Mutation-based Evaluation of Cryptographic API Misuse Detectors

from arxiv, Accepted at the journal ACM TOPS 2026, extends the IEEE S&P 2022 conference paper by updated evaluation, extended study and extended taxonomy( conference version: arXiv:2107.07065 )

The correct use of cryptography is central to ensuring data security in modern software systems. Hence, several academic and commercial static analysis tools have been developed for detecting and mitigating crypto-API misuse. While developers are optimistically adopting these crypto-API misuse detectors (or crypto-detectors) in their software development cycles, this momentum must be accompanied by a rigorous understanding of their effectiveness at finding crypto-API misuse in practice. This paper describes the MASC framework, which enables a systematic and data-driven evaluation of crypto-detectors using mutation testing. We ground MASC in a comprehensive view of the problem space by developing a data-driven taxonomy of existing crypto-API misuse, containing 107 misuse cases organized among nine semantic clusters. We develop 19 generalizable usage-based mutation operators and three mutation scopes that can expressively instantiate thousands of compilable variants of the misuse cases for thoroughly evaluating crypto-detectors. Using MASC, in a previous study, we evaluated nine major crypto-detectors and discovered 19 unique, undocumented flaws that severely impact the ability of crypto-detectors to discover misuses in practice. This paper substantially extends our MASC framework and offers updated evaluation of the crypto-detectors in our 2022 study, in addition to 5 more, major crypto-detectors. Through this work, we find 6 new, undocumented flaws, and demonstrate that these flaws affect the crypto-detectors regardless of their origin; open-source community, industry, and/or research. We conclude with a discussion on the diverse perspectives that influence the design of crypto-detectors and future directions towards building security-focused crypto-detectors by design.

翻译：在现代软件系统中，密码学的正确使用对于确保数据安全至关重要。
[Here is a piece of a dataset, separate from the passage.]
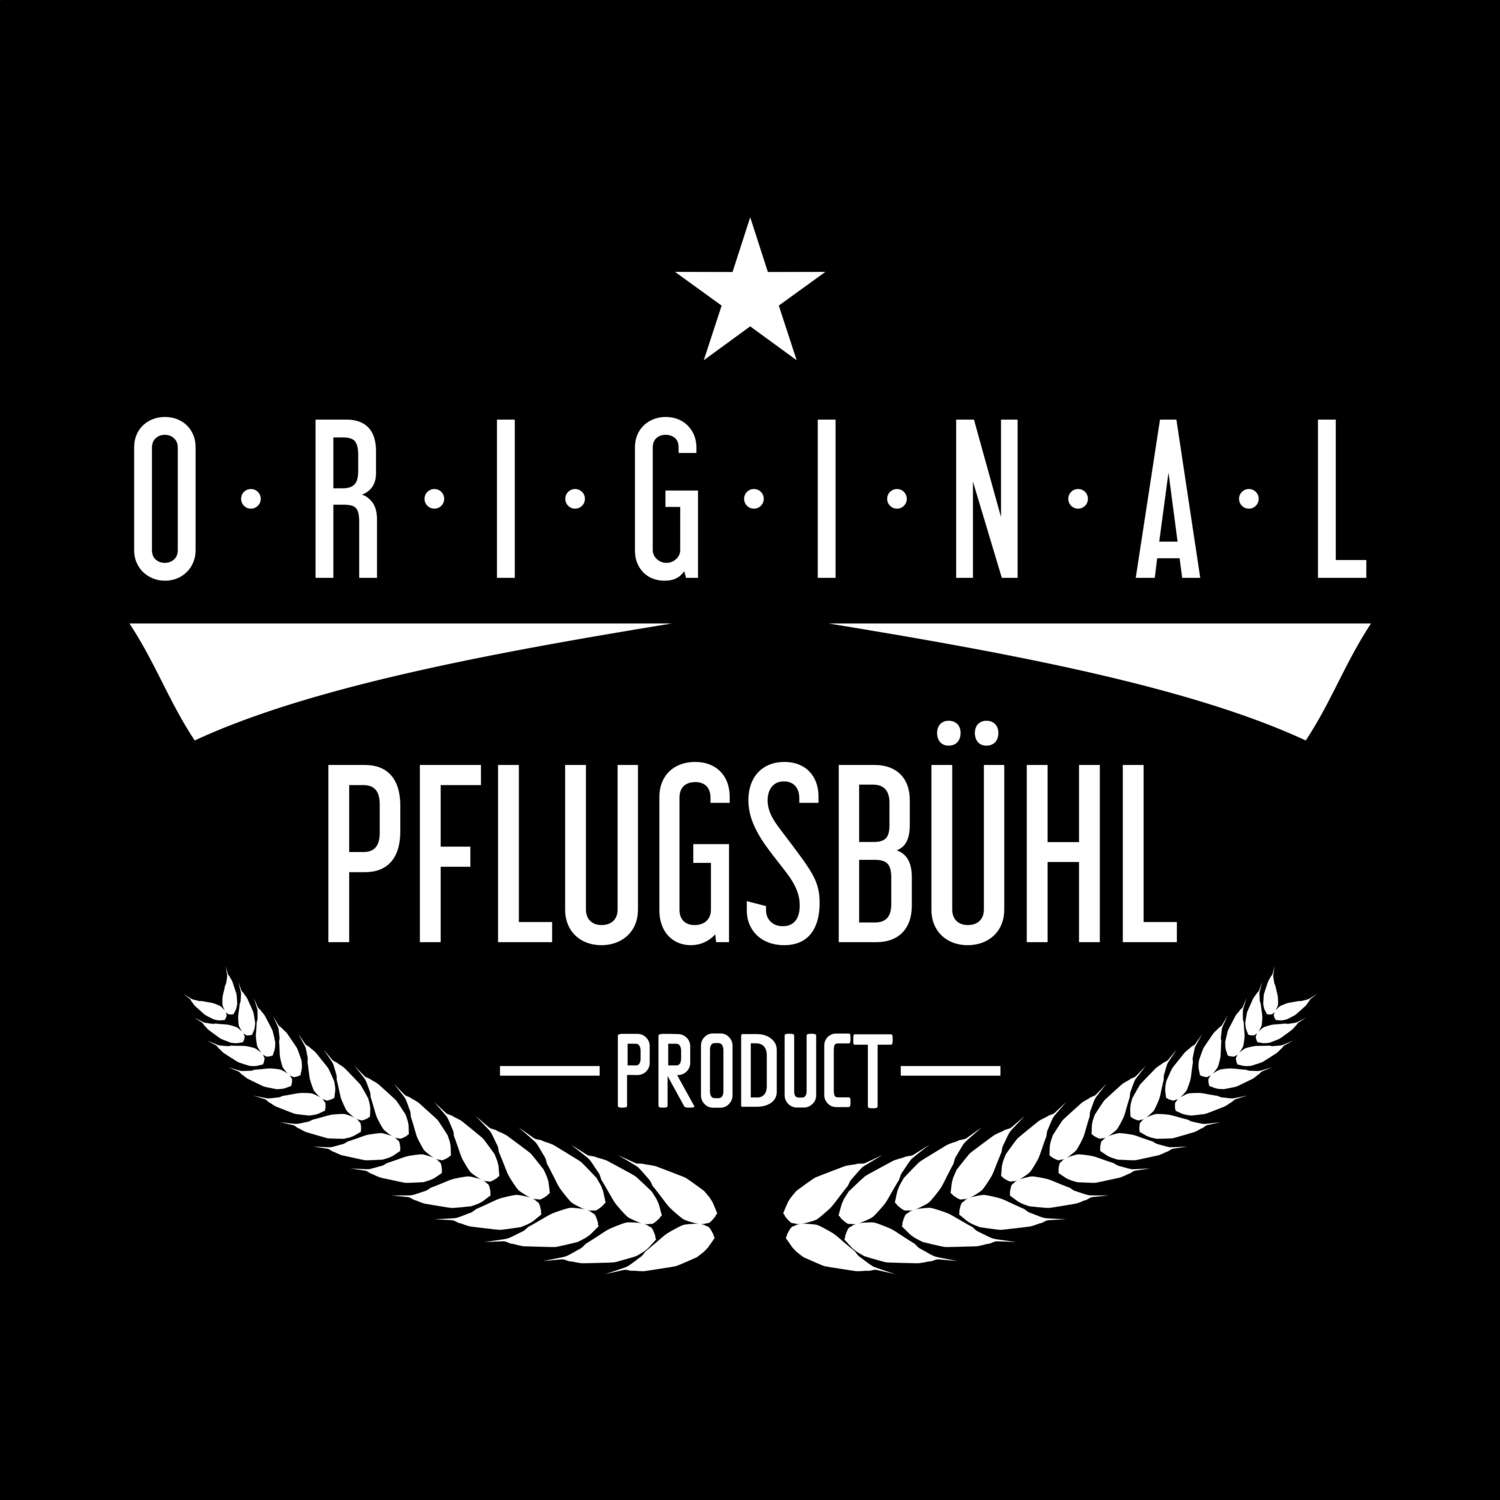 Pflugsbühl T-Shirt »Original Product«

因此，学术界和工业界已开发出多种静态分析工具，用于检测和缓解加密API误用问题。尽管开发者正积极地将这些加密API误用检测器（或称加密检测器）集成到软件开发周期中，但这一趋势必须建立在对其实践中检测加密API误用有效性的严谨理解之上。本文介绍了MASC框架，该框架利用突变测试实现了对加密检测器的系统化、数据驱动的评估。我们通过构建一个数据驱动的现有加密API误用分类法，为MASC奠定了问题空间的全面基础，该分类法包含107个误用案例，分布于九个语义簇中。我们开发了19个可泛化的基于用法的突变算子及三种突变作用域，能够富有表现力地实例化数千个可编译的误用案例变体，从而对加密检测器进行全面评估。在先前的一项研究中，我们使用MASC评估了九个主流加密检测器，发现了19个独特的、未记录的缺陷，这些缺陷严重影响了加密检测器在实践中发现误用的能力。本文大幅扩展了我们的MASC框架，并对我们2022年研究中的加密检测器以及另外5个主流加密检测器进行了更新评估。通过这项工作，我们发现了6个新的、未记录的缺陷，并证明这些缺陷影响着所有来源的加密检测器，无论其来自开源社区、工业界还是学术界。最后，我们讨论了影响加密检测器设计的多种视角，以及未来构建以安全为设计核心的加密检测器的方向。